The domination of the notated score, and the reverence with which musicians in classical music treat it, continues to be the tradition’s major defining characteristic, with improvisation often considered at best controversial. Yet if we consider improvisation in a broader context, where musical expression is seen as fundamentally an improvisatory impulse, we can again begin to place improvisation at the centre of classical music also. Benson argues that in fact the acts of composing, performing and listening are inherently improvisatory. He postulates that music is

implicitly improvisatory and that ‘the processes by which a work comes into existence is best described as improvisatory at its very core, not merely [in] the act of composing but also [in] the acts of performing and listening’ (Benson, 2003: 2). On the other hand, for many iconic figures in classical music, including Boulez and Stockhausen, Wolterstorff’s (1980: 64) claim that ‘to improvise is not to compose’ rings true. However, if we accept that composers never create ‘ex nihilo’, as Benson argues, but instead improvise (sometimes on tunes that already exist but more often within the tradition in which they work), we get a broader sense of the improvisatory origins of all composition.

The same applies to performance. Even when strictly notated, ‘the interpretation of the score will normally display improvisatory activity compressed into the microscopic domain of expressive adjustments’ (Cyprian-Love, 2005: 26). Music critic Paul Bekker, writing in 1922, offers an interesting perspective on improvisation and its role in music:

The art of musical performance is, in its origins and very being, an improvisatory art…This improvisation has as its goal to illuminate the musical work through the intimate, creative fusion of composer and performer, as if in the moment of its first sounding, thus bringing it into harmony with the composer’s original creative impulse…The problem of performing art in our day lies in moving from a pedantic concept of reproduction to an objectively founded and nonetheless personally unhampered improvisation. This may sound purely theoretical, and yet already much is won if we dare to declare and hold fast to the concept of improvisation as actually the highest and only true artistic experience.
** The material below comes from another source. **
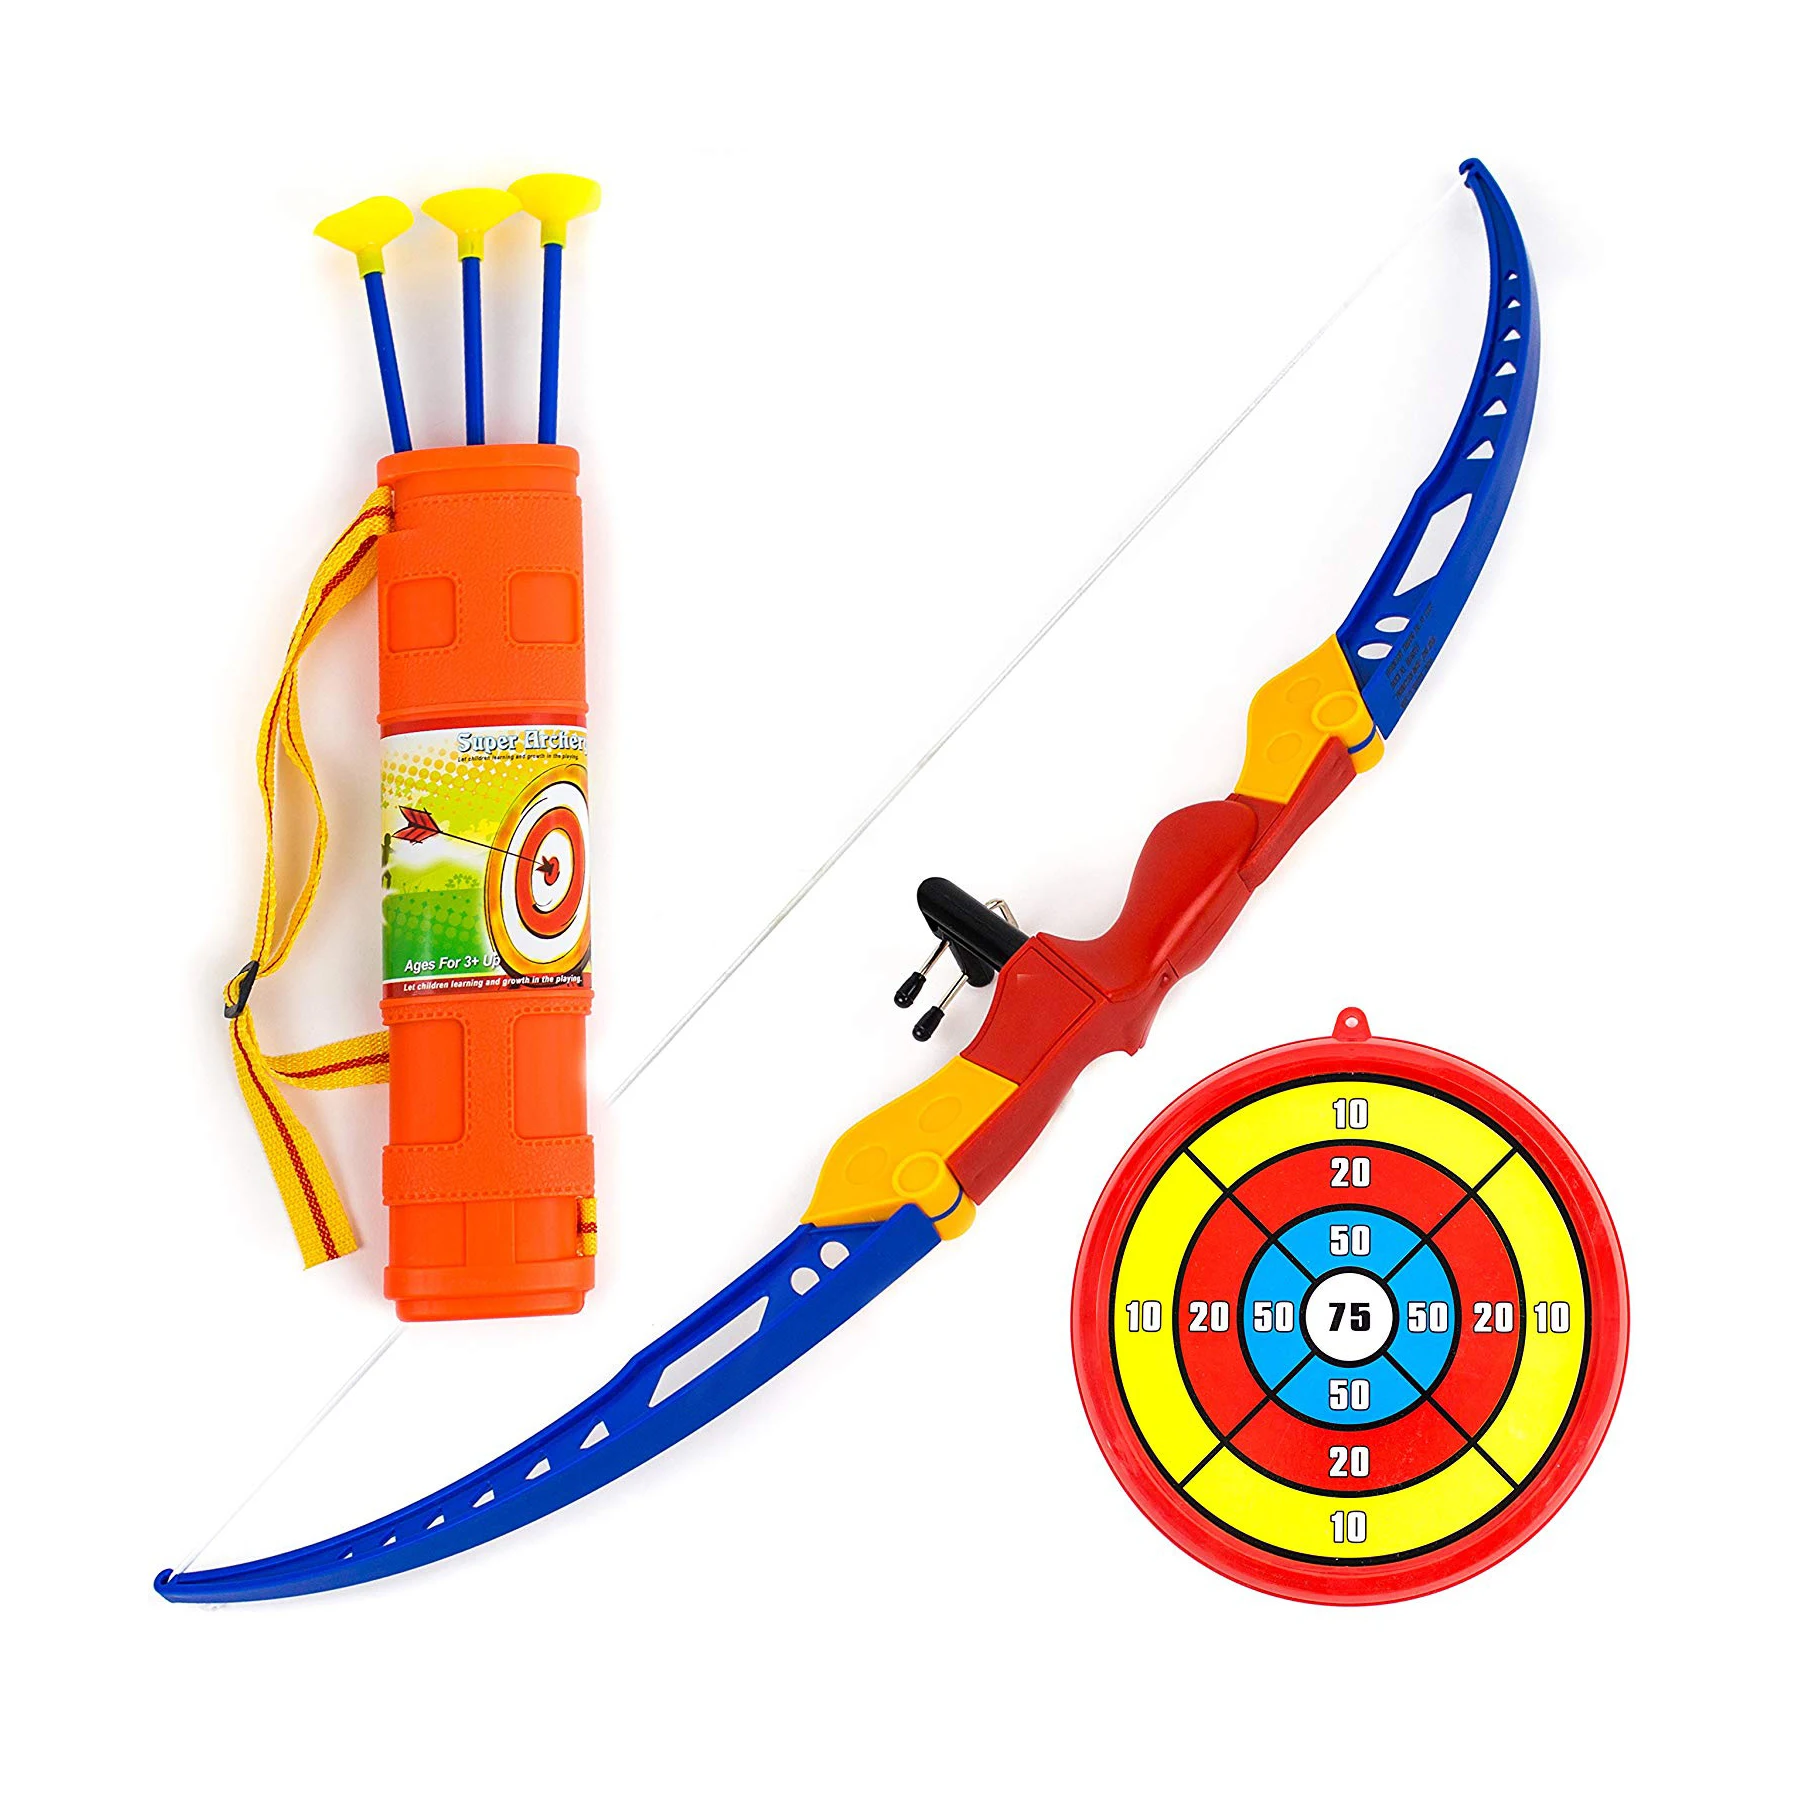 children's archery set with target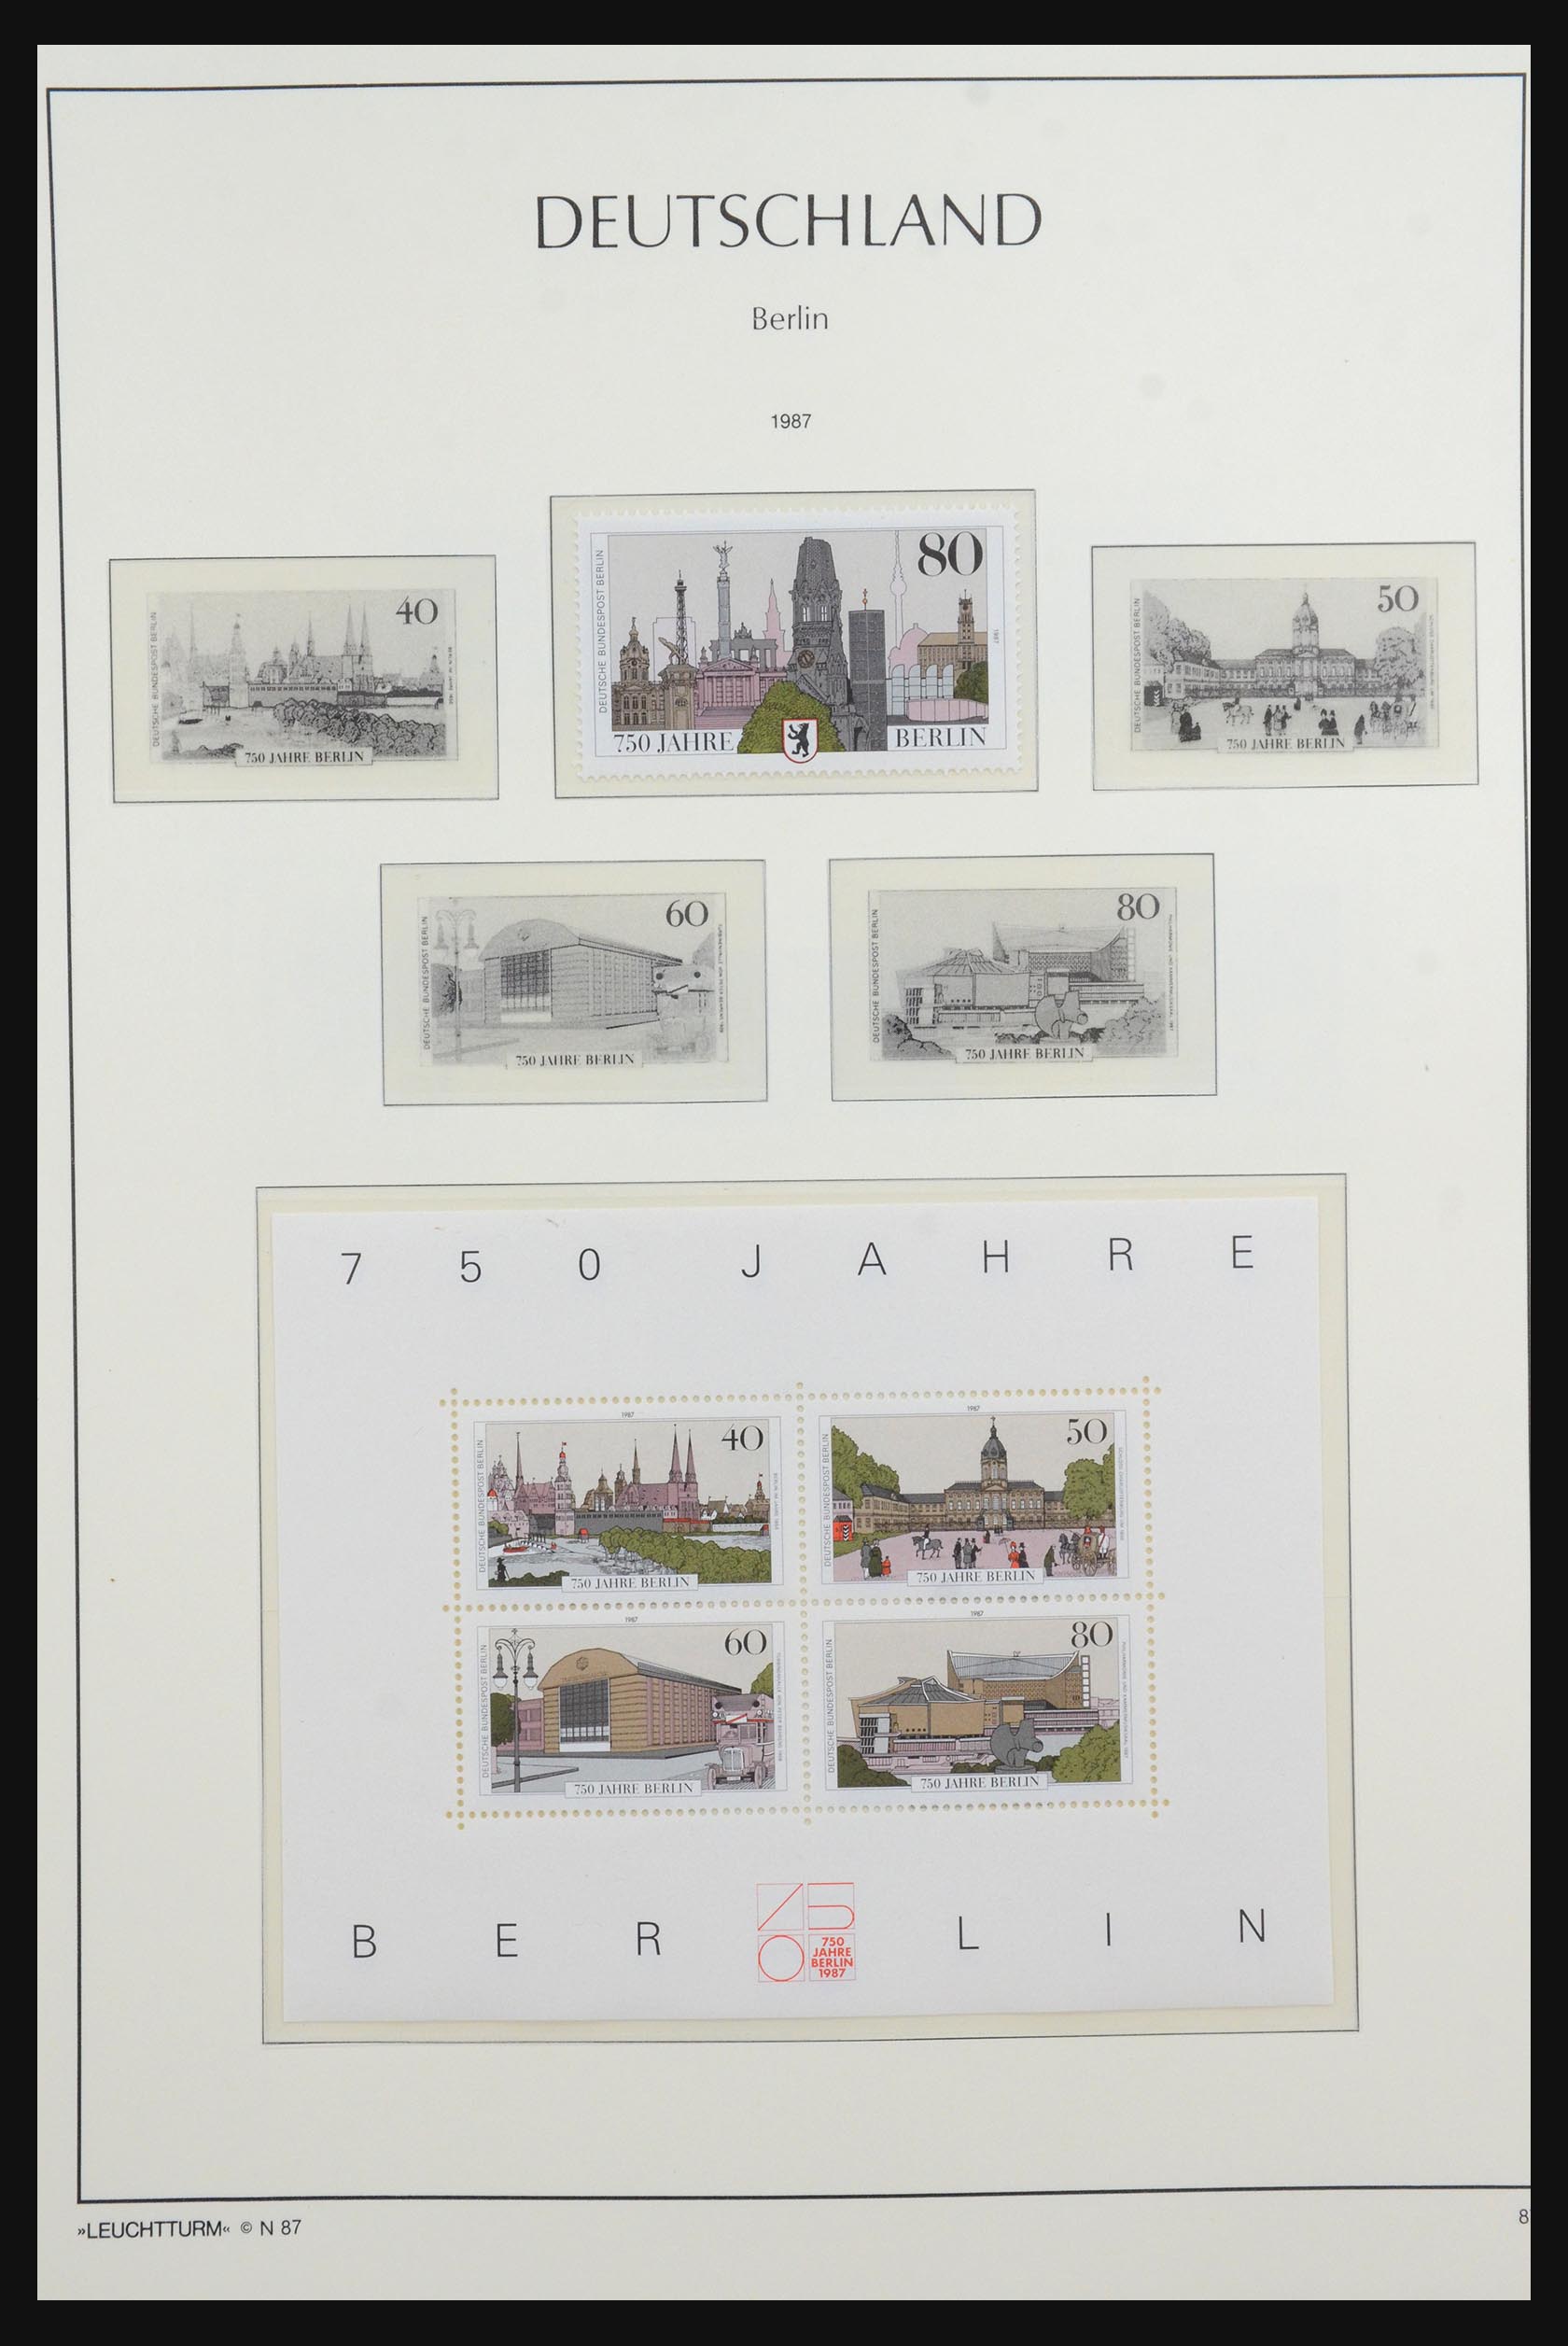 31601 076 - 31601 Bundespost, Berlin and Saar 1948-2008.

Bekker, quoted in Hunter, 2004: 15.

The composer and improviser Frederic Rzewski is quoted, in Bailey’s seminal study of improvisation, on the difference between composing and improvising as follows:

In 1968 I ran into Steve Lacy (composer and improviser) on the street in Rome. I took out my pocket tape recorder and asked him to describe in 15 seconds the difference between composition and improvisation. He answered: ‘In 15 seconds the difference between composition and improvisation is that in composition you have all the time you want to decide what to say in 15 seconds, while in improvisation you have 15 seconds’. His answer lasted exactly 15 seconds and is the best formulation of the question I know.

The subject of improvisation was considered an important area of discussion with all of the composers in this research. Some of them (Guilfoyle for example) considered improvisation a core principle of their musical life, with others, including O’Leary, feeling a little isolated from this most fundamental enterprise. This sense of exclusion seemed to be more conceptual than actual and in some ways reflects the legacy of training and ideology within classical music.